• YOUR OBJECTIVE
Your job is to give again, exactly and with no additions, the lines in the records below from the one with "Benefits of Upgrading to Green Electronics" through the one with "The Year Is", both included. Omit the pictures.

• DATA TO EXAMINE

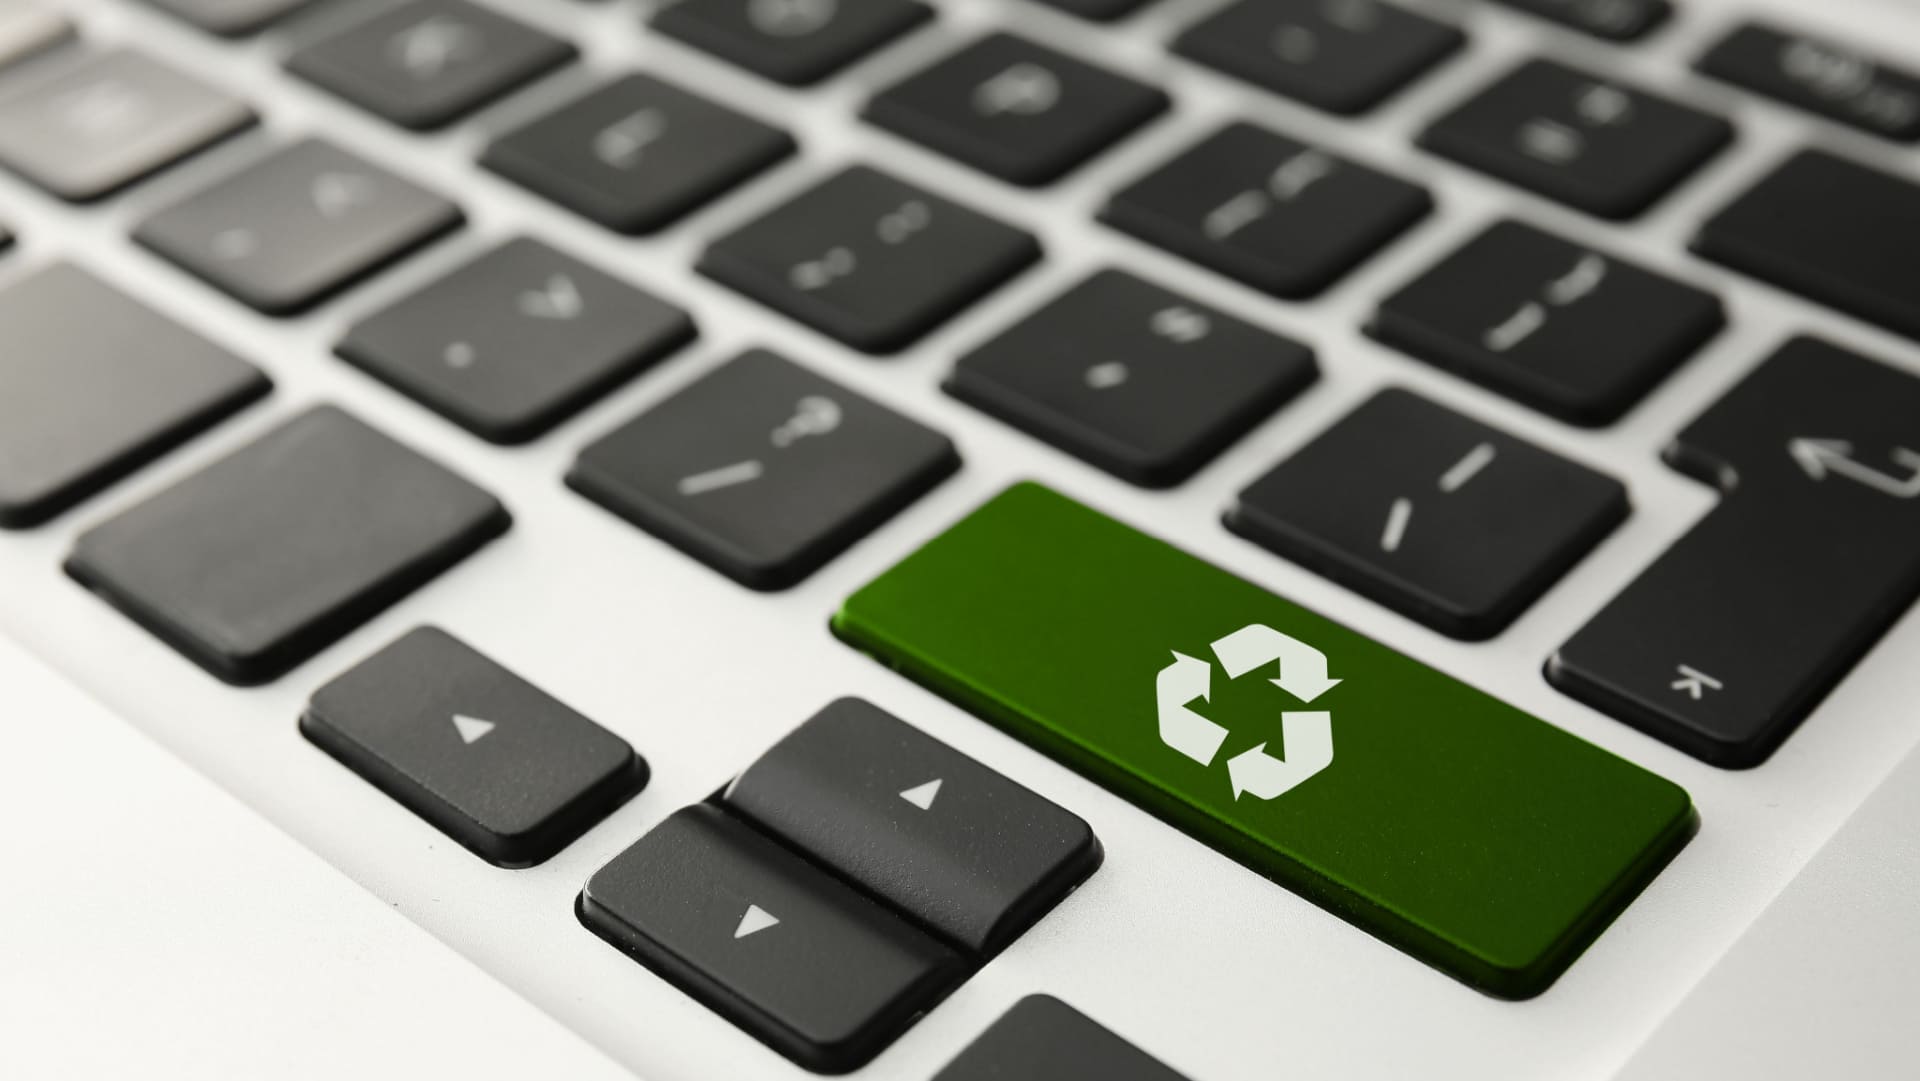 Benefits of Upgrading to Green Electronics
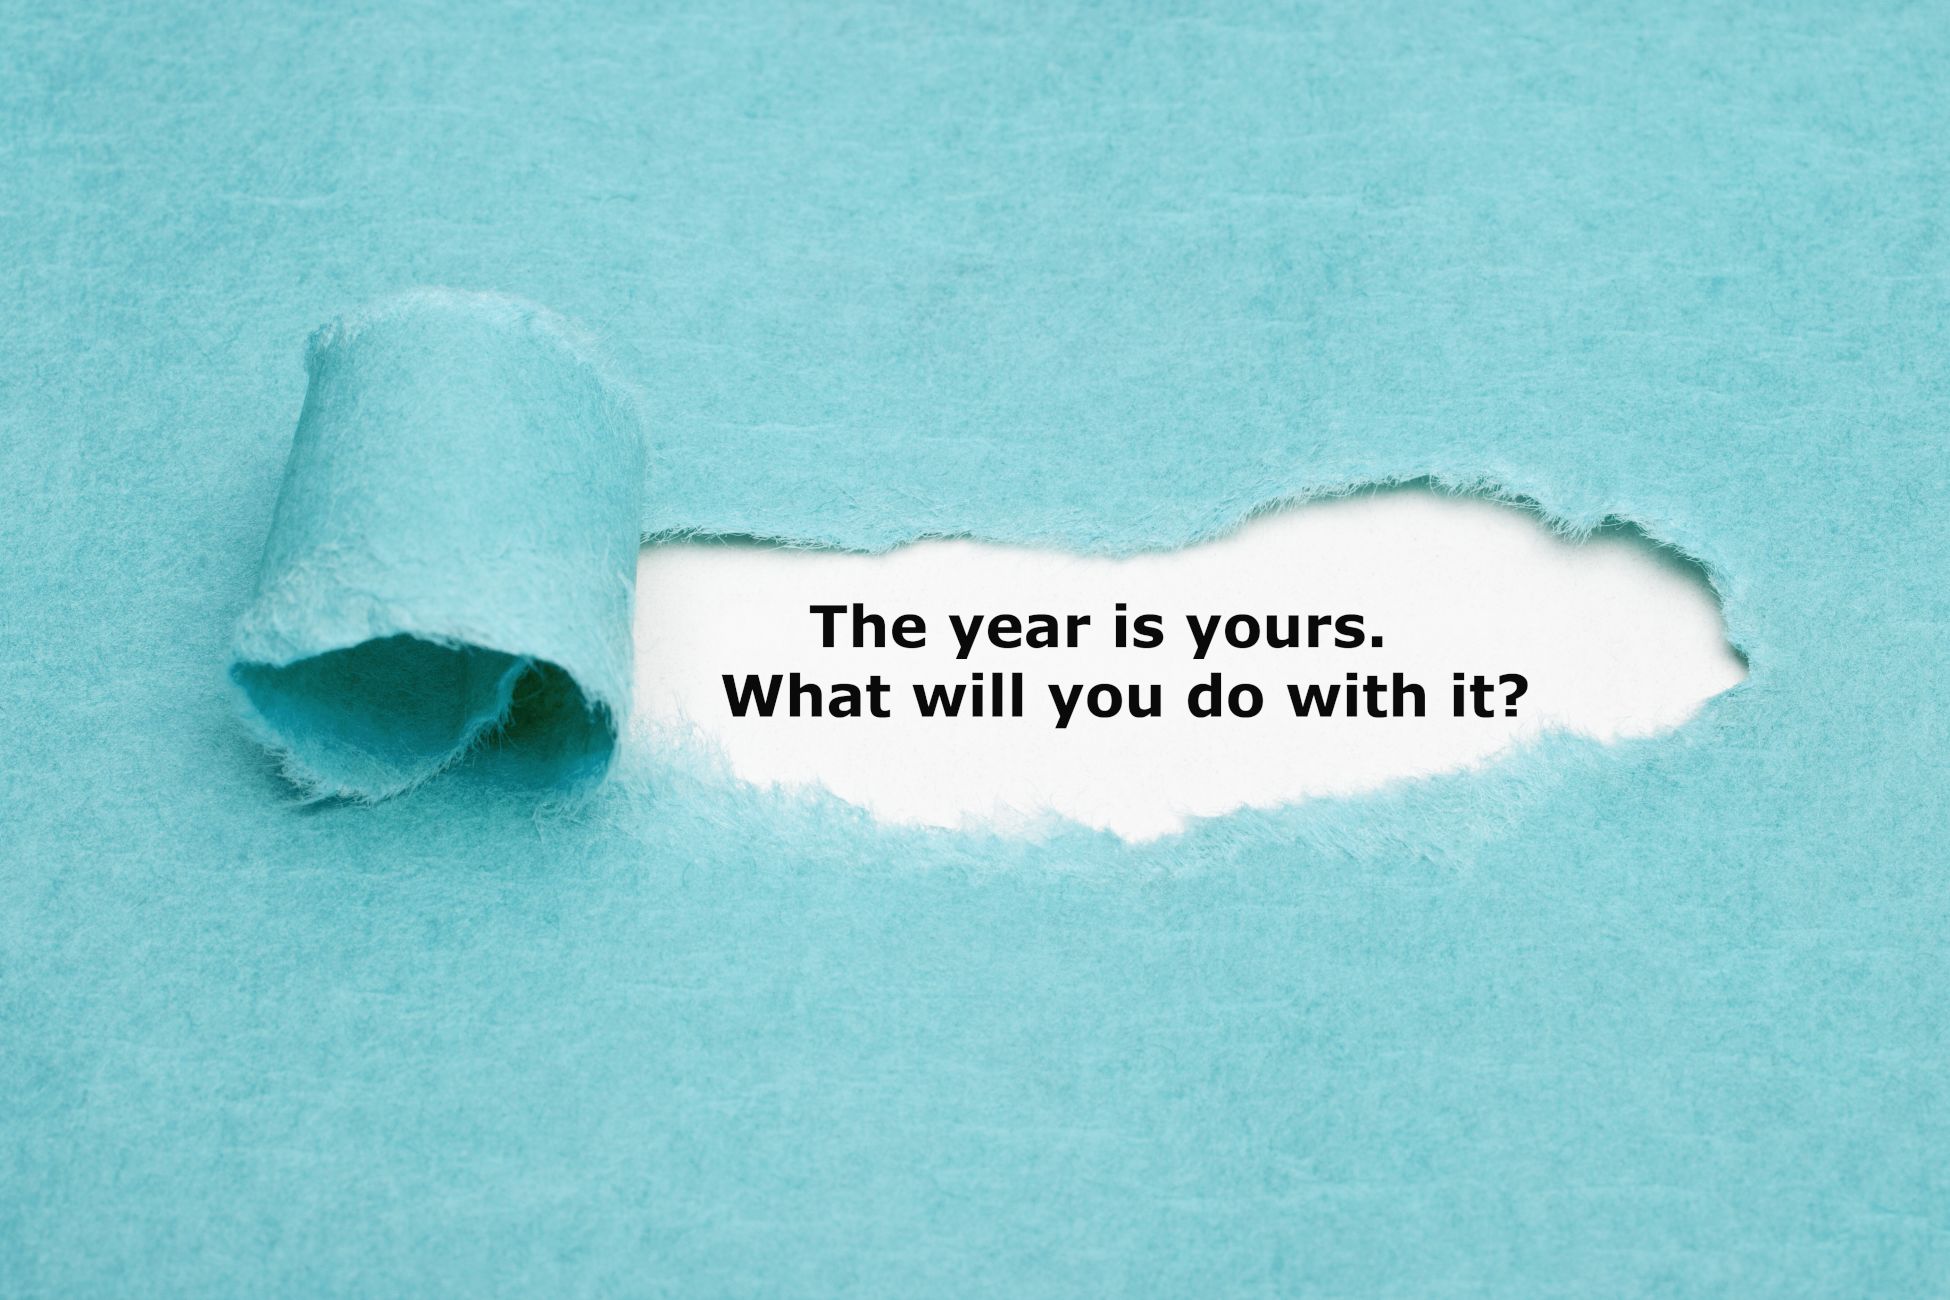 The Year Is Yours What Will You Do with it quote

==

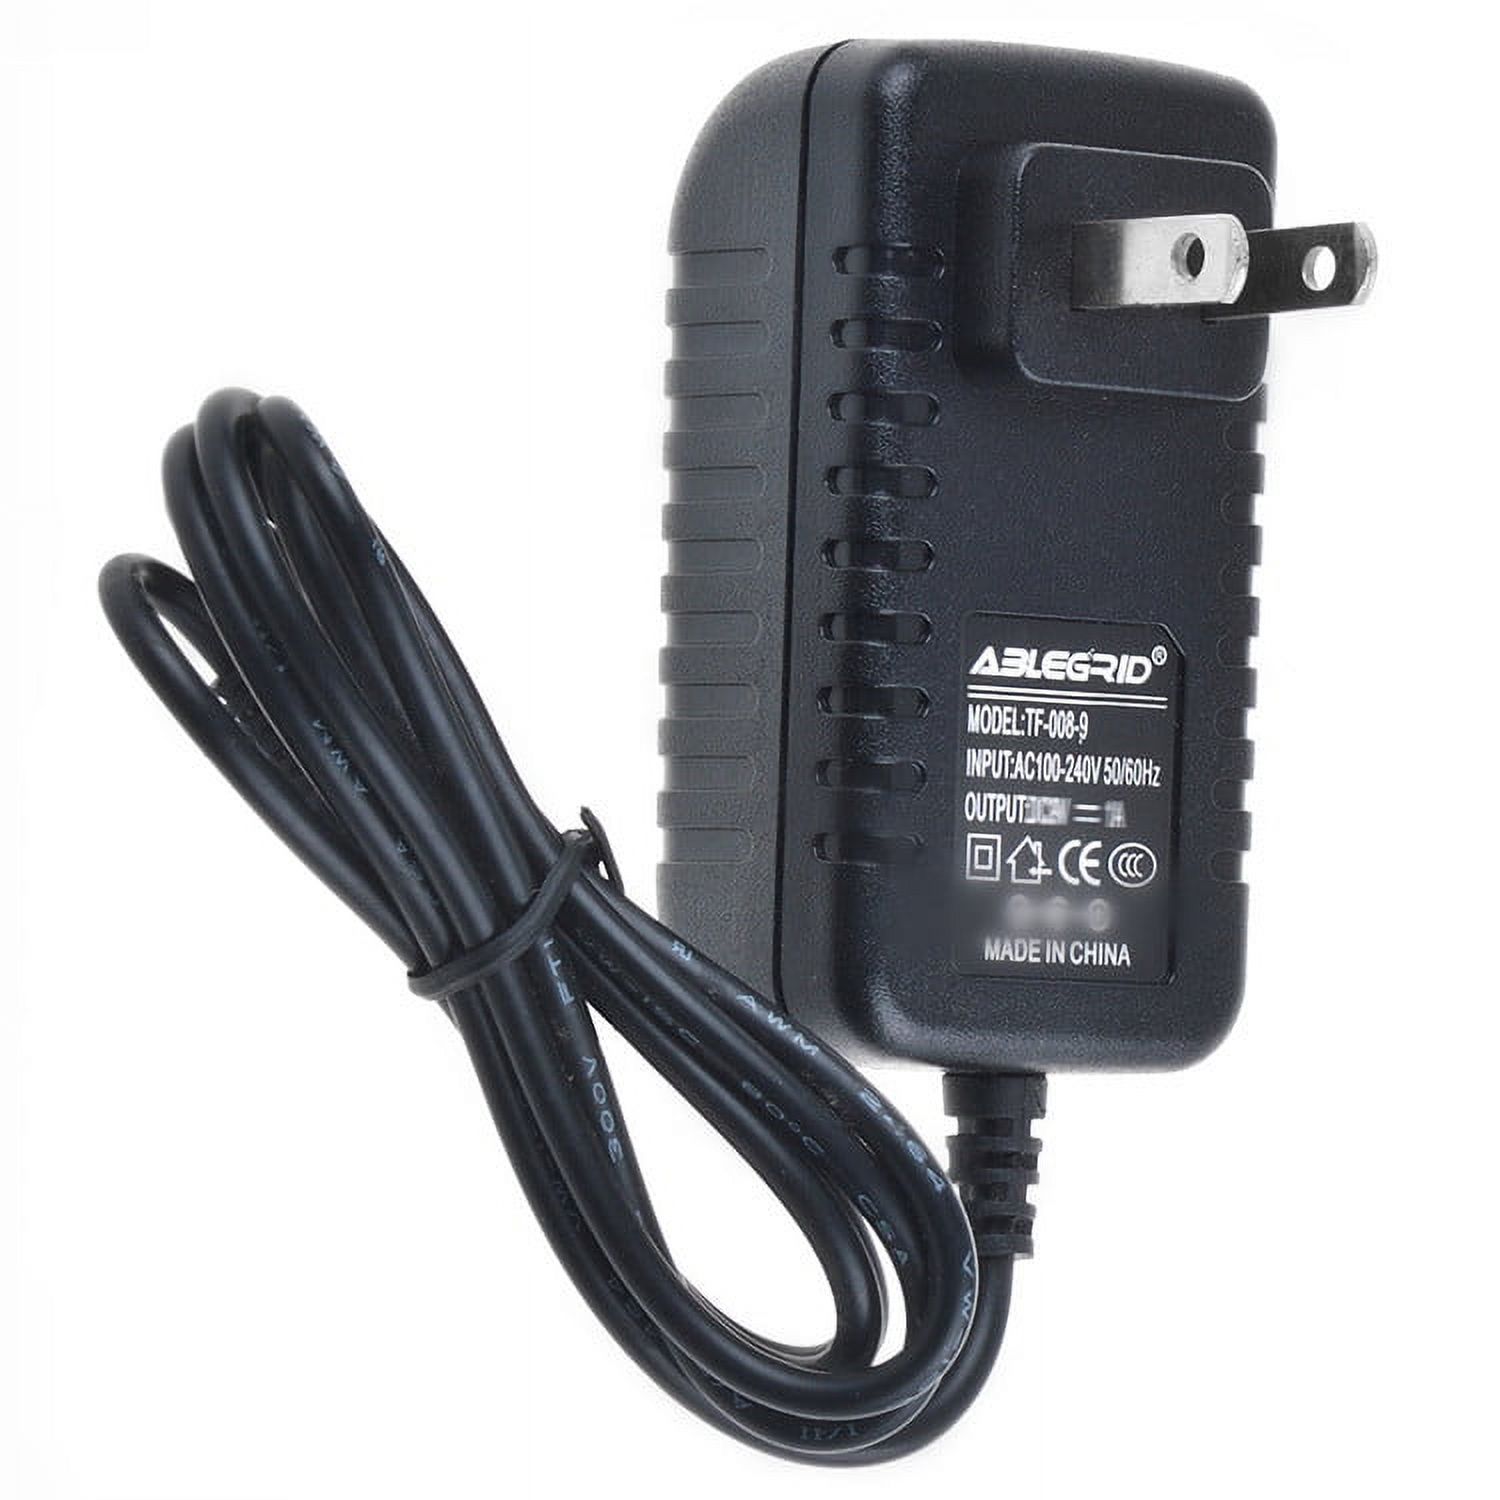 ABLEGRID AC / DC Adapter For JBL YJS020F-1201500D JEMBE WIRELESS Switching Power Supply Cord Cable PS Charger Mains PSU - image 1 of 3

• PROBLEM SOLUTION
 Benefits of Upgrading to Green Electronics
 The Year Is Yours What Will You Do with it quote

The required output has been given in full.